可以看到，因为 _id 为 3 的文档里 Accessible24Hours 字段只有一个值，所以无法匹配上从第二个值开始的多个值的对比，也就没被过滤出来了。

不过 SIREn 目前比较尴尬的是，他只基于 ES 做了 query 部分，aggregation 部分还是老样子，必须类型一致才行，这也导致 SIREn 示例文件数据里把一些冲突日志去掉了的原因。

如果使用的是 Solr，SIREn 插件的做法是只定义两个 field，一个是 UUID，一个是 JSON。然后 siren 处理的所有数据存在这个 JSON 字段里(类似 ES 插件里的那个 _siren_source 字段)。这也就能达到全部 JSON schemaless。此外，SIREn 的 Solr 插件还实现了 nested facet 支持，也可以尝试。

总之，SIREn 扩展采用树形方式自行处理一个在 ES、Solr 看来多出来的字段，而并不影响原有字段的处理流程。

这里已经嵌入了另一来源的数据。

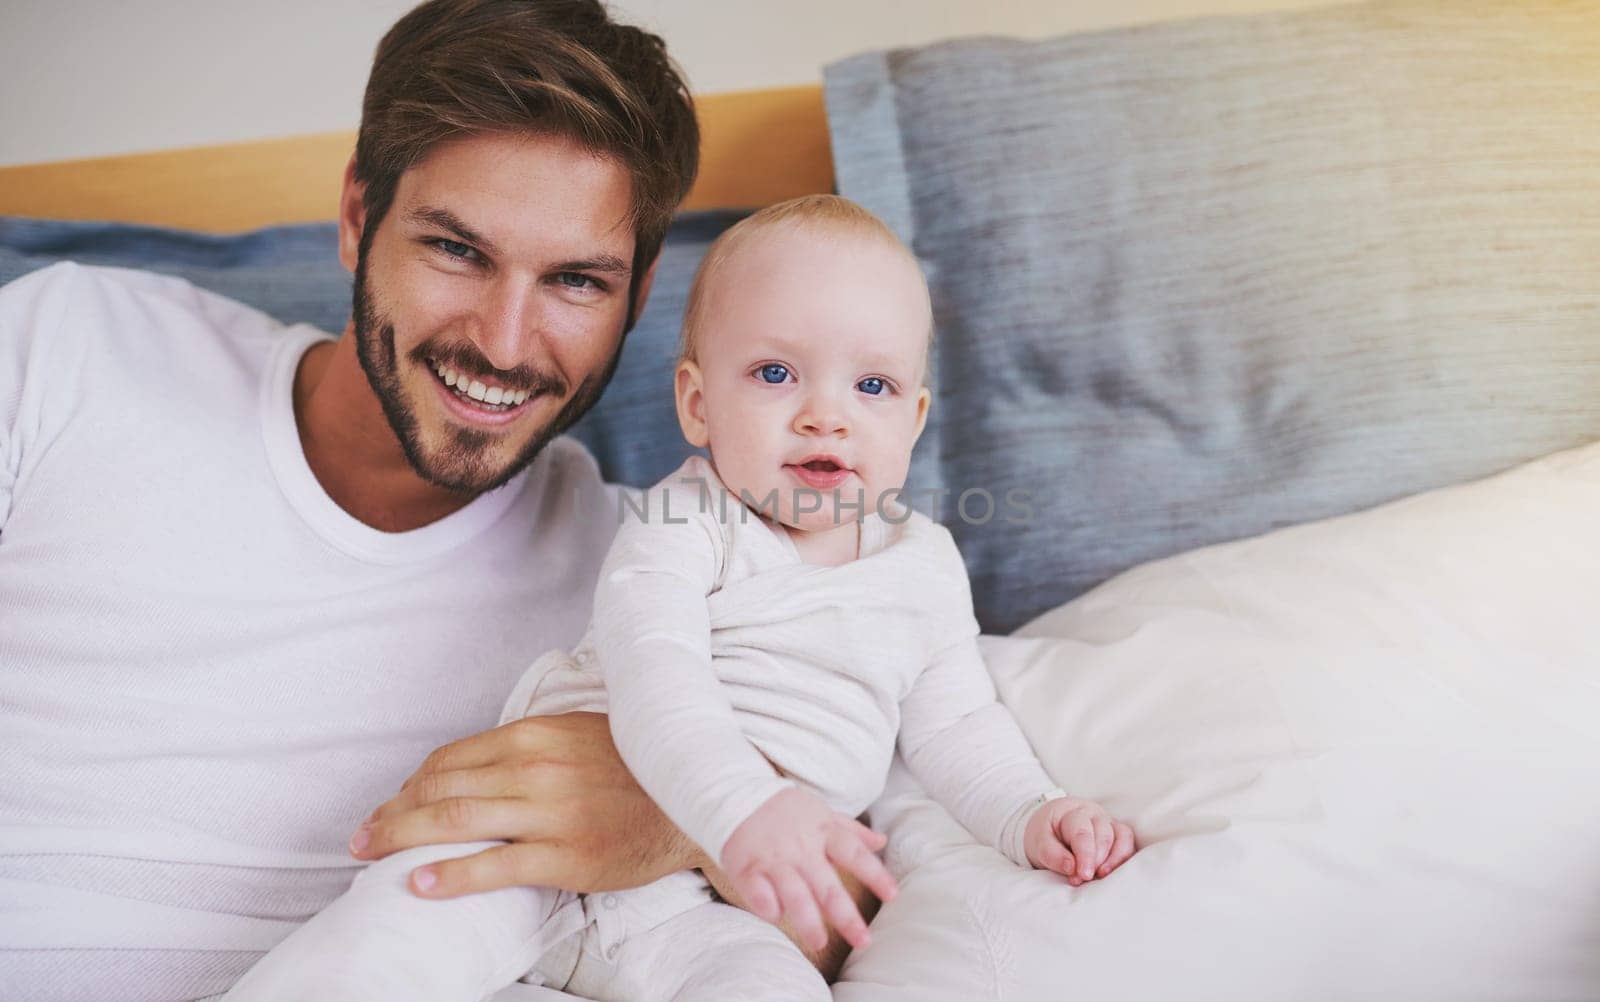 Bedroom, happy and portrait of father with baby for bonding, relationship and love for parenting. Family, home and dad with newborn infant on bed for child development, support and childcare in house by YuriArcurs

所以，这对 ES 有几个影响：

其他字段还是会判断数据类型并生成 mapping，所以写入依然会有问题。
aggregation 还是走 ES 的实现，导致根据 number 过滤出来的文档，在 aggregation 时却会按照 boolean(即 mapping 中的记录)检测，aggregation 请求直接报错不计算。
重复一遍树状索引数据，导致膨胀率翻倍增高。实测，一段大小约为 30MB 的数据，在 ES 默认环境中会膨胀到 50MB，而在开启 SIREn 插件的环境下则膨胀到了 120MB！